The alpha level is 0.001. The critical value of Z at the significance level is ±3.090232.
#R code
n1 <- 17411
n2 <- 17511
x1 <- 8
x2 <- 162
p1 <- x1 / n1
p1 = 0.000459
p2 <- x2 / n2
p2 = 0.00925
z <- (p1 - p2) / sqrt((p1*(1-p1)/n1) + (p2*(1-p2)/n2))
z
z = -11.85702
(b) Efficacy Calculation: The efficacy of the vaccine is defined as the proportion of patients in the placebo group who contracted COVID-19 divided by the total number of patients who contracted COVID-19.
Efficacy = 162/170 = 95.29%
5: Comparative Analysis of Heart Medications
Problem Description
Researchers compare the effectiveness of two heart medications, clopidogrel and ticagrelor, in preventing heart attacks or strokes. A total of 13,408 patients participated, with 6,676 receiving clopidogrel and 6,732 receiving ticagrelor. The number of patients suffering a heart attack or stroke is recorded for both groups.
(a) Hypothesis Testing: A two-sample proportion Z test is utilized to compare the occurrence of heart attacks or strokes between the two medication groups. The null hypothesis (H0) assumes no difference, while the alternative hypothesis (H1) suggests a lower proportion for ticagrelor. The test is conducted at a 1% significance level.
6: Astrological Signs and Driving Accidents
Problem Description
In a survey conducted by an insurance company, 100 participants were asked to disclose their astrological signs and the number of accidents they experienced as drivers since obtaining their licenses. The data is categorized by astrological sign.
| Astrological Sign | Number of Accidents |
|---|---|
| Aries | 1, 1, 0, 1, 0, 0, 3, 1 |
| Taurus | 0, 0, 0, 0, 2, 1, 0, 3, 2 |
| Gemini | 0, 0, 1, 1, 0, 1, 0 |
| Cancer | 0, 0, 0, 2, 0, 0, 0, 3, 0, 0, 0 |
| Leo | 1, 0, 1, 1 |
| Virgo | 1, 0, 2, 1, 0, 0, 0, 1, 0, 0, 1 |
| Libra | 1, 2, 0, 0, 0, 2, 3, 2, 0, 1 |
| Scorpio | 0, 0, 2, 1, 2, 1, 1, 1 |
| Sagittarius | 1, 4, 0, 0, 1 |
| Capricorn | 0, 2, 0, 0, 0, 2, 0, 2 |
| Aquarius | 0, 2, 1, 0, 2, 2, 0, 0, 1, 0, 1, 0, 1, 0 |
| Pisces | 1, 1, 0, 3, 0 |
Table 3: First-hand accident experiences and the victims’ astrological signs
(a) ANOVA Test: A one-way ANOVA test is used to determine if a person's astrological sign has a statistically significant impact on the number of accidents. The null hypothesis assumes that the average number of accidents is the same for all astrological signs, while the alternative hypothesis suggests at least one sign differs.

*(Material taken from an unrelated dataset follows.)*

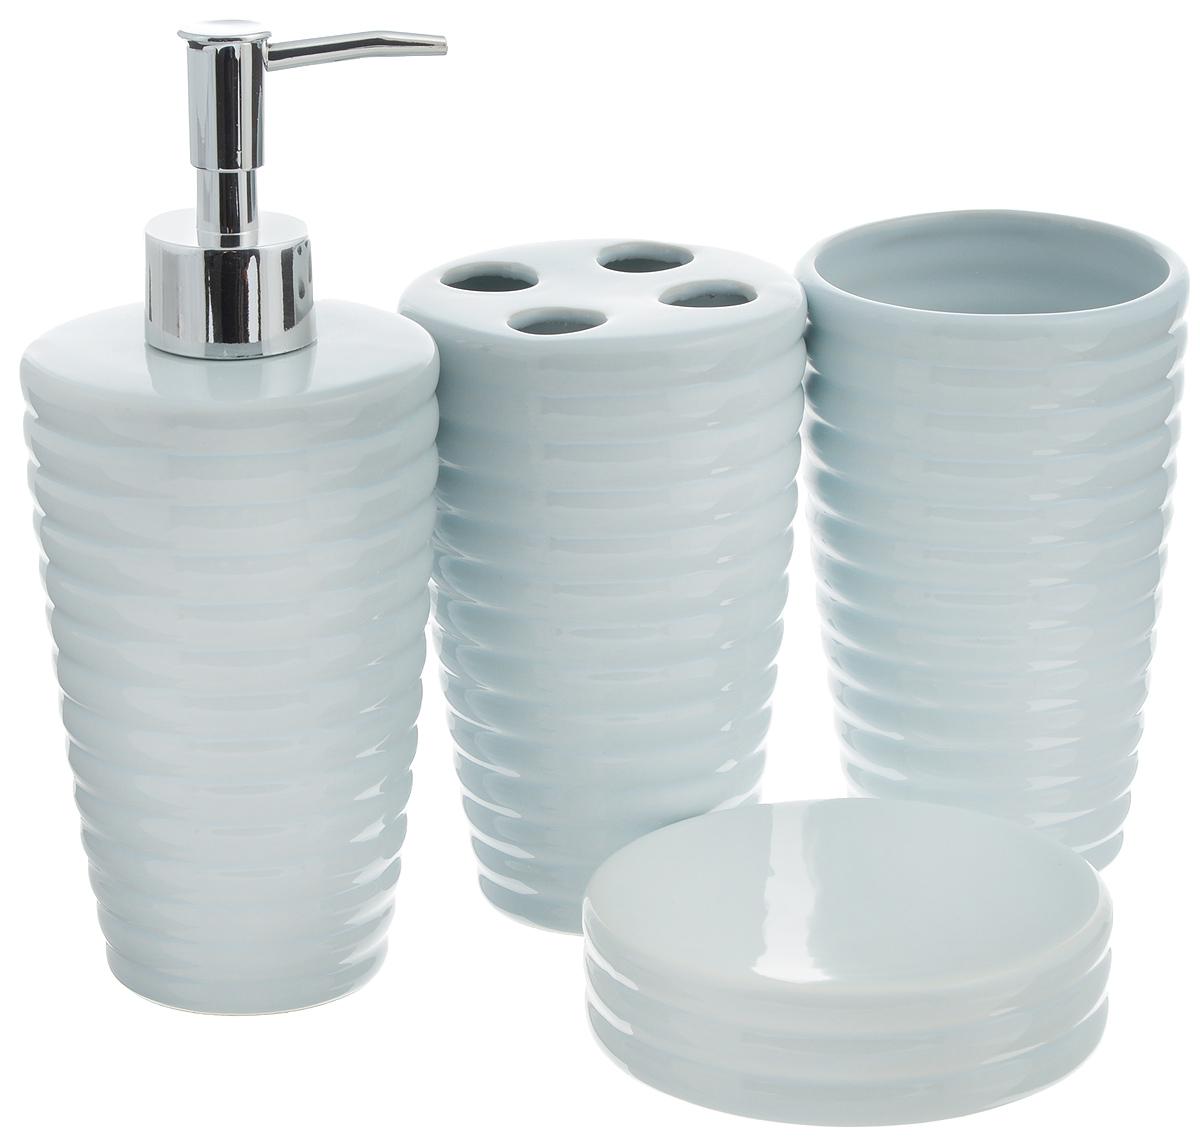 Набор для ванной комнаты Aqua Line Мята, 4 предмета1300140Набор для ванной комнаты Aqua Line Мята включает стакан, подставку для зубных щеток, мыльницу и диспенсер для жидкого мыла с пластиковым дозатором. Набор выполнен из прочного фарфора высокого качества и декорирован красивым рельефом.Все элементы выдержаны в одном стиле, что позволяет создать в ванной комнате стильный и оригинальный функционально-декоративный ансамбль. Такой набор аксессуаров придаст интерьеру вашей ванной комнаты элегантность и современность. Размер мыльницы: 10,5 х 10,5 х 3 см. Диаметр стакана/подставки (по верхнему краю): 8,5 см. Высота стакана/подставки: 13,5 см. Высота диспенсера: 20 см.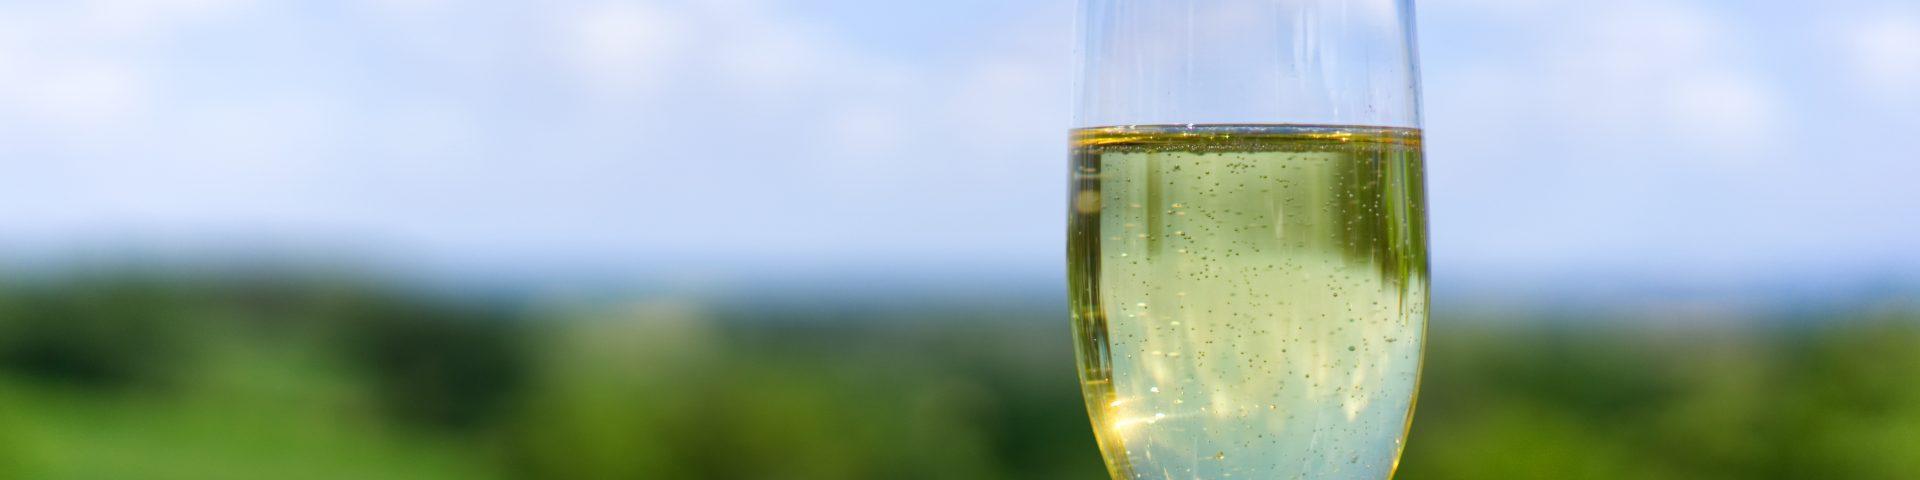 champagne 3599797 1920x480 - Moje ulubione polskie wina musujące

The analysis is conducted at a 5% significance level.
R-Code:
| Aquarius | Aries | Cancer | Capricorn | Gemini | Leo |
|---|---|---|---|---|---|
| 0.714286 | 0.875 | 0.454546 | 0.75 | 0.428571 | 0.75 |
| Libra | Pisces | Sagittarius | Scorpio | Taurus | Virgo |
|---|---|---|---|---|---|
| 1.1 | 1 | 1.2 | 1 | 0.888889 | 0.545455 |
Conclusion:
The ANOVA results determine whether astrological signs significantly impact the number of accidents. The average values for each sign are examined for any statistically significant differences.